On December 5, 2008, IWF blacklisted a Wikipedia article on the Scorpions album, Virgin Killer, because the album cover featured a potentially illegal image of a young girl posing nude; six ISPs in the UK began to block the content. Though the Cleanfeed system was designed to be able to block single pages, it could not anticipate certain site behavior—because all traffic to Wikipedia was routing through small numbers of proxies, from Wikipedia’s vantage point, all of the incoming users belonged to the same IP range. Because Wikipedia couldn’t distinguish between legitimate users and those abusing the site, it blocked the ability to edit pages for these users. After a deluge of complaints, the IWF removed the album’s article from its blacklist on December 9.

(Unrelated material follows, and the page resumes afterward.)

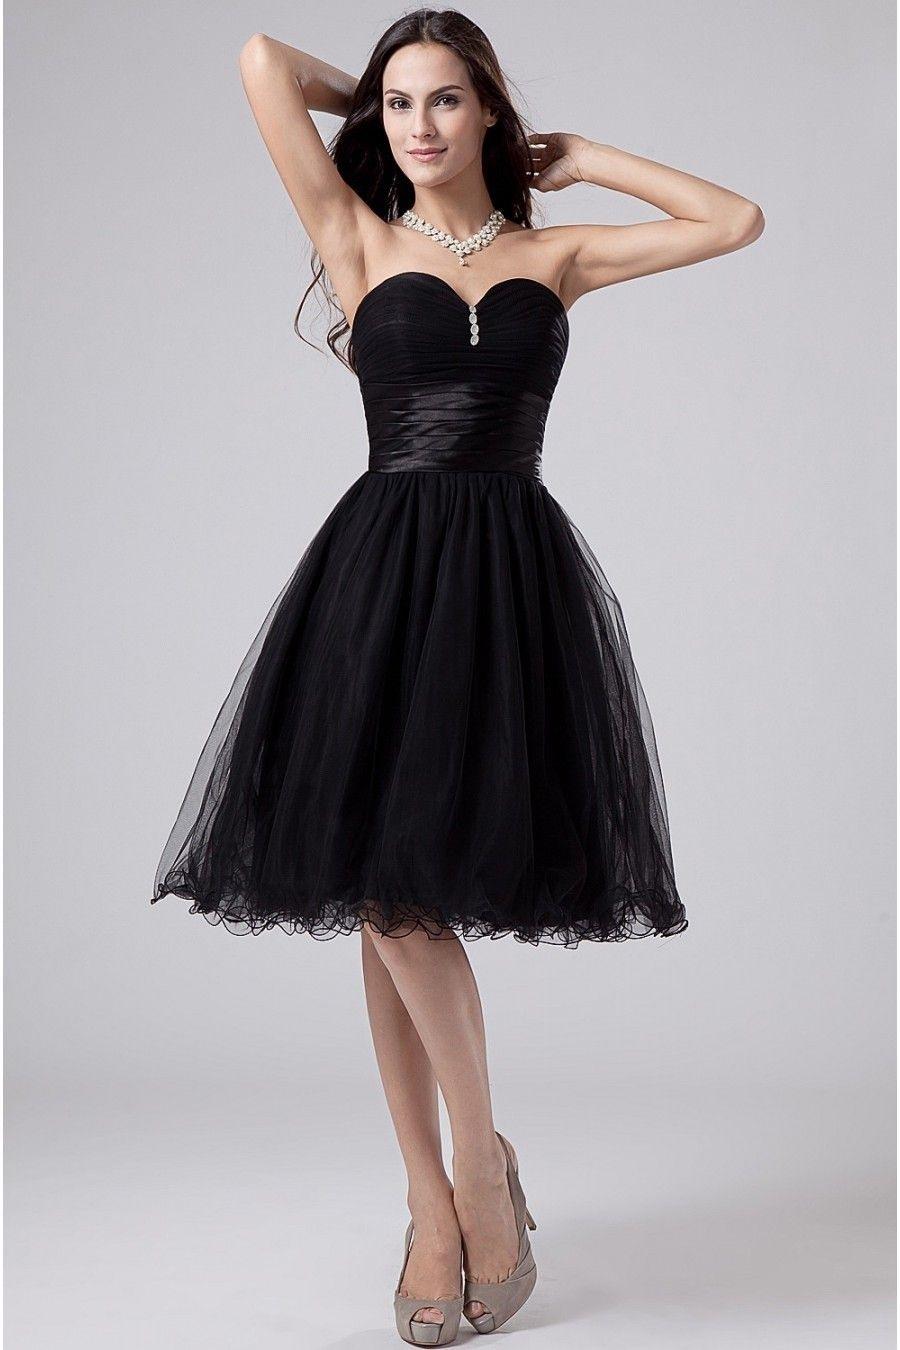 Formal Fantastisch Abendkleider Knielang Spezialgebiet20 Coolste Abendkleider Knielang Boutique

Apart from any negative externalities, Cleanfeed has also received a lot of criticism for being a virtually invisible censorship mechanism. Because the list of blocked sites is confidential and because blocked sites return only 404 errors, users can’t tell if they’re being blocked by Cleanfeed, experiencing connection issues, or encountering a genuine 404 error. Cleanfeed’s reach can be easily extended to encompass blocking sites unrelated to child pornography, as it was used in 2011 to block NewzBin2, a copyright-infringing website. Many users are concerned that Cleanfeed could very easily morph into an opaque, increasingly restrictive censorship system reaching into every area of the Internet. Though the UK’s history is steeped in traditions of free speech and democracy, it’s interesting to see that censorship technologies deployed within the country are more advanced, harder to circumvent and potentially more far-reaching than even countries with repressive regimes, as we’ve explored in the above examples.

An Uncertain Future

During its short history, the Internet has evolved into an incredibly powerful tool for disseminating information and organizing movements around the world. On the other side, a number of national governments have accomplished what many thought was impossible—manipulating network infrastructures to pave the way for Internet censorship. The Internet’s increasingly large role in political, cultural and legal affairs has transformed it into a new, digital battleground, often for protesting citizens and their governments. In the coming years, it will be fascinating to watch as both sides push the Internet to new heights beyond what it was ever intended to do.